— Task to carry out —
Once the line containing "The Ballad of Daniel Hoag.jpg" is found in the records below, return it and each following line exactly, up to and including the line containing "Svensk arkitektur: kyrkor, herrgårdar", and nothing else.

Records from a collection

[Start of Attachment]

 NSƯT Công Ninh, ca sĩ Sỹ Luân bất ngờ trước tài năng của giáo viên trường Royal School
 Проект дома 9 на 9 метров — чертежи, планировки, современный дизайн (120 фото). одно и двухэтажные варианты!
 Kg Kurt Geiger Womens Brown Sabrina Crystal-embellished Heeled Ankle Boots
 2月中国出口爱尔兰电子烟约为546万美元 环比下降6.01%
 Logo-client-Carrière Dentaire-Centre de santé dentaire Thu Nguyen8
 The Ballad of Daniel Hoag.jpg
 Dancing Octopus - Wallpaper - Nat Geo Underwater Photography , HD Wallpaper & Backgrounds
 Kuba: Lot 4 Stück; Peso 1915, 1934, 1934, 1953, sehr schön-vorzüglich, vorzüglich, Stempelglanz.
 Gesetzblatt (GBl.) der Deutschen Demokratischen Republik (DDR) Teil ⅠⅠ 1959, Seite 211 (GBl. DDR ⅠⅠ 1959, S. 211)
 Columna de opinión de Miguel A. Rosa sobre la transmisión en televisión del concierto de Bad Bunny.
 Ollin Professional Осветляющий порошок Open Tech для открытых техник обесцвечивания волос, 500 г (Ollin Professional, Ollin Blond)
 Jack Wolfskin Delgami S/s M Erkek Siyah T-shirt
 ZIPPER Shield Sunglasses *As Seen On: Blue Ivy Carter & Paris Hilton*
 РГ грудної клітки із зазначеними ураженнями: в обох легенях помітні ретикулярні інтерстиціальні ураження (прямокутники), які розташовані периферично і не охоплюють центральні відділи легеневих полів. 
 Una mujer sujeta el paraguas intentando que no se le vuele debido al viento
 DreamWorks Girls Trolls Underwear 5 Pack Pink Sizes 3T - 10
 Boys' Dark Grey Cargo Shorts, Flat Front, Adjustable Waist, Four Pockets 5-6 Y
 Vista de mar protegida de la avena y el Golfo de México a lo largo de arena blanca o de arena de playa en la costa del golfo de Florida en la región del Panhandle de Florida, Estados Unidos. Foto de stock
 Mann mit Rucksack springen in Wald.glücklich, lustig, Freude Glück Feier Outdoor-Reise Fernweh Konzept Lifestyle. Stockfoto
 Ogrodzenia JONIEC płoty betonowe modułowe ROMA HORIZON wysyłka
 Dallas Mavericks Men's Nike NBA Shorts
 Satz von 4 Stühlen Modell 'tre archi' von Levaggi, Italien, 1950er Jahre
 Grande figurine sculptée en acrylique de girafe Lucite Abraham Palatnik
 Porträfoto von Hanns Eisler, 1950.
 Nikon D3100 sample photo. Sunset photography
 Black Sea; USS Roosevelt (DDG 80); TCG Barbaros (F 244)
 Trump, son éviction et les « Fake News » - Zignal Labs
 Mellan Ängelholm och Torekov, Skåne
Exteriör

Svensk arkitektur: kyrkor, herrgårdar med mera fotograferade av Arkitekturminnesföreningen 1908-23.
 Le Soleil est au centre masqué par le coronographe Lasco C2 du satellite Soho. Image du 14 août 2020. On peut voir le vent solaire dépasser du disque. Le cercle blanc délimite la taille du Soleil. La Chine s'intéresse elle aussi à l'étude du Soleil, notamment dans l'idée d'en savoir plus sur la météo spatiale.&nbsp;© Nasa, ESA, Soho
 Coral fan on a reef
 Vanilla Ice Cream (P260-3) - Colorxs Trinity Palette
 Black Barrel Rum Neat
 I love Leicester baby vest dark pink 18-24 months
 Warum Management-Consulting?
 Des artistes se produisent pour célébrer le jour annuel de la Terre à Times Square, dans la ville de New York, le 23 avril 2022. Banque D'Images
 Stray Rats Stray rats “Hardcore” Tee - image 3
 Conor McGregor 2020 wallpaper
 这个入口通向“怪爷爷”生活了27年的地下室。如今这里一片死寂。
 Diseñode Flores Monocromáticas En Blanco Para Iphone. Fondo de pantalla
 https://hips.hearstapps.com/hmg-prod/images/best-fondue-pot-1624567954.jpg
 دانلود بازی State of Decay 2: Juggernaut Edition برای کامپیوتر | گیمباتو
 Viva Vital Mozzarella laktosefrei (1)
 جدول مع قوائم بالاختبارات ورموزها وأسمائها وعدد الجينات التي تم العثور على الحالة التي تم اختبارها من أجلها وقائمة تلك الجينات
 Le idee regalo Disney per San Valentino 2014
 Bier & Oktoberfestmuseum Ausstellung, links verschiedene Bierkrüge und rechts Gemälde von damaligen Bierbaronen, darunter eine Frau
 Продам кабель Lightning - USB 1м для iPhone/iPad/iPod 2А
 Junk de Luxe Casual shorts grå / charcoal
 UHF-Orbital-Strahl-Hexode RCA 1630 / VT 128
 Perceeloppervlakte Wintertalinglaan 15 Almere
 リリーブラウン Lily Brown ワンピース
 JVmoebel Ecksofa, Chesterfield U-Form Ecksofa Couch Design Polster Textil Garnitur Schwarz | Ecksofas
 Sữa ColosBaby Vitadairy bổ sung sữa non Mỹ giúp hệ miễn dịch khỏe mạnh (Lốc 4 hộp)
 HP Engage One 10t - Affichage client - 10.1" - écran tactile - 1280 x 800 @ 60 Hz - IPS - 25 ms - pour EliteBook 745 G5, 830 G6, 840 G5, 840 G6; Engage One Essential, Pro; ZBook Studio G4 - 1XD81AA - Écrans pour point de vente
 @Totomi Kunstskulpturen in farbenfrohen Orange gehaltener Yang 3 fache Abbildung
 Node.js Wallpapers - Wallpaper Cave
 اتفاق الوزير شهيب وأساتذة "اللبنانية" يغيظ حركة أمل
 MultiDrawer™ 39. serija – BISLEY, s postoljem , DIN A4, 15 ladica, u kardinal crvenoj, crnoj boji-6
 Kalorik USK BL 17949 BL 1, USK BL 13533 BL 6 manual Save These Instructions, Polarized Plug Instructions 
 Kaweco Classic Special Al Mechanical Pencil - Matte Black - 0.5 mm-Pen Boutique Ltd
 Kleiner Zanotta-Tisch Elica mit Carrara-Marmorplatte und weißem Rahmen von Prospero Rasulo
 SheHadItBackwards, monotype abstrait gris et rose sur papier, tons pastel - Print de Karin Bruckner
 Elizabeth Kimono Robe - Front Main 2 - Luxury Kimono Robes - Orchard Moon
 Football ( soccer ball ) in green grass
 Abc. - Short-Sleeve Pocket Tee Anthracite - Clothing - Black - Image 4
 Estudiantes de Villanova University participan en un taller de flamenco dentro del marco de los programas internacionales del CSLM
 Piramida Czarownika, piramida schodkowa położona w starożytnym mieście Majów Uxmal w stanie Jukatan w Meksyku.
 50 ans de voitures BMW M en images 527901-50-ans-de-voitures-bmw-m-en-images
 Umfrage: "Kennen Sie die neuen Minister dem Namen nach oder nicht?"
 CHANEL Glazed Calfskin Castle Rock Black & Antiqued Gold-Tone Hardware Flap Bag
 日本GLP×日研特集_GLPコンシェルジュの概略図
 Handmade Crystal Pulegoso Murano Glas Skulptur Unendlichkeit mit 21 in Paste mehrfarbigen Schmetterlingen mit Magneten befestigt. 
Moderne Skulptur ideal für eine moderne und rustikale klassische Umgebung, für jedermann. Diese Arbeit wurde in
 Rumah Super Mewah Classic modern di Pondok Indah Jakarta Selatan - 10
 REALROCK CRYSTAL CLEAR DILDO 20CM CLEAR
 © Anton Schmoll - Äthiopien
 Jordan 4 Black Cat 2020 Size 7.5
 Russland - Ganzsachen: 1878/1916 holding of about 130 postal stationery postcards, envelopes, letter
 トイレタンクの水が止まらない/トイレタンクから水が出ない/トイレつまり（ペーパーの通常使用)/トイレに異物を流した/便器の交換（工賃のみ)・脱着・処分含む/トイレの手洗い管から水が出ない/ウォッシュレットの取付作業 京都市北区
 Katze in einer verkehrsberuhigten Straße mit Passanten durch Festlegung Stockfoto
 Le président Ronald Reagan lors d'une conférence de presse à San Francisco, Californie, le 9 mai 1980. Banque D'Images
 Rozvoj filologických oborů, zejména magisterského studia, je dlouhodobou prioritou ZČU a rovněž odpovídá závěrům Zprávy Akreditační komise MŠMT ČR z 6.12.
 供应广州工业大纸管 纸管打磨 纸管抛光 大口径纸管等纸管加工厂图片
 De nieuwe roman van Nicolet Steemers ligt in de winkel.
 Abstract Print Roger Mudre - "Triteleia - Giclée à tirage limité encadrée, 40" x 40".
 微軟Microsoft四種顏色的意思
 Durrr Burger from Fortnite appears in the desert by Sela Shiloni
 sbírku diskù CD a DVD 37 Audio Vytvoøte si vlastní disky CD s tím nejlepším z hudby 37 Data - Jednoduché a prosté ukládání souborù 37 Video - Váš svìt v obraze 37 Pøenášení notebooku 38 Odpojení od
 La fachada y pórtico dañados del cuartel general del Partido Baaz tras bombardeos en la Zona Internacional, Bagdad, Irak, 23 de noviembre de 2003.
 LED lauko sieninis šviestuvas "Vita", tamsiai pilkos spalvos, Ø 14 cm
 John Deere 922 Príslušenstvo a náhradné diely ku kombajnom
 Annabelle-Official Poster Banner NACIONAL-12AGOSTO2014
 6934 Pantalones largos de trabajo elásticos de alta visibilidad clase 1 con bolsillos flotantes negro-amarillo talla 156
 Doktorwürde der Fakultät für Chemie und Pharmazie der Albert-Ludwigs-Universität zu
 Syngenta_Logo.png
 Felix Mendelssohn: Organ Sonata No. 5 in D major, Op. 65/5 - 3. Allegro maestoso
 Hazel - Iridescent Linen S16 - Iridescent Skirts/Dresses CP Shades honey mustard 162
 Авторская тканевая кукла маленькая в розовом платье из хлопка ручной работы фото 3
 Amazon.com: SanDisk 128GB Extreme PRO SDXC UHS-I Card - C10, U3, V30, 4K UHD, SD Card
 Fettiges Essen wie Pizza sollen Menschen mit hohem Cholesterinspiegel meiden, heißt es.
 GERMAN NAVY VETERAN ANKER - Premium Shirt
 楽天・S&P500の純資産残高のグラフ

[End of Attachment]

— Response to the task —
 The Ballad of Daniel Hoag.jpg
 Dancing Octopus - Wallpaper - Nat Geo Underwater Photography , HD Wallpaper & Backgrounds
 Kuba: Lot 4 Stück; Peso 1915, 1934, 1934, 1953, sehr schön-vorzüglich, vorzüglich, Stempelglanz.
 Gesetzblatt (GBl.) der Deutschen Demokratischen Republik (DDR) Teil ⅠⅠ 1959, Seite 211 (GBl. DDR ⅠⅠ 1959, S. 211)
 Columna de opinión de Miguel A. Rosa sobre la transmisión en televisión del concierto de Bad Bunny.
 Ollin Professional Осветляющий порошок Open Tech для открытых техник обесцвечивания волос, 500 г (Ollin Professional, Ollin Blond)
 Jack Wolfskin Delgami S/s M Erkek Siyah T-shirt
 ZIPPER Shield Sunglasses *As Seen On: Blue Ivy Carter & Paris Hilton*
 РГ грудної клітки із зазначеними ураженнями: в обох легенях помітні ретикулярні інтерстиціальні ураження (прямокутники), які розташовані периферично і не охоплюють центральні відділи легеневих полів. 
 Una mujer sujeta el paraguas intentando que no se le vuele debido al viento
 DreamWorks Girls Trolls Underwear 5 Pack Pink Sizes 3T - 10
 Boys' Dark Grey Cargo Shorts, Flat Front, Adjustable Waist, Four Pockets 5-6 Y
 Vista de mar protegida de la avena y el Golfo de México a lo largo de arena blanca o de arena de playa en la costa del golfo de Florida en la región del Panhandle de Florida, Estados Unidos. Foto de stock
 Mann mit Rucksack springen in Wald.glücklich, lustig, Freude Glück Feier Outdoor-Reise Fernweh Konzept Lifestyle. Stockfoto
 Ogrodzenia JONIEC płoty betonowe modułowe ROMA HORIZON wysyłka
 Dallas Mavericks Men's Nike NBA Shorts
 Satz von 4 Stühlen Modell 'tre archi' von Levaggi, Italien, 1950er Jahre
 Grande figurine sculptée en acrylique de girafe Lucite Abraham Palatnik
 Porträfoto von Hanns Eisler, 1950.
 Nikon D3100 sample photo. Sunset photography
 Black Sea; USS Roosevelt (DDG 80); TCG Barbaros (F 244)
 Trump, son éviction et les « Fake News » - Zignal Labs
 Mellan Ängelholm och Torekov, Skåne
Exteriör

Svensk arkitektur: kyrkor, herrgårdar med mera fotograferade av Arkitekturminnesföreningen 1908-23.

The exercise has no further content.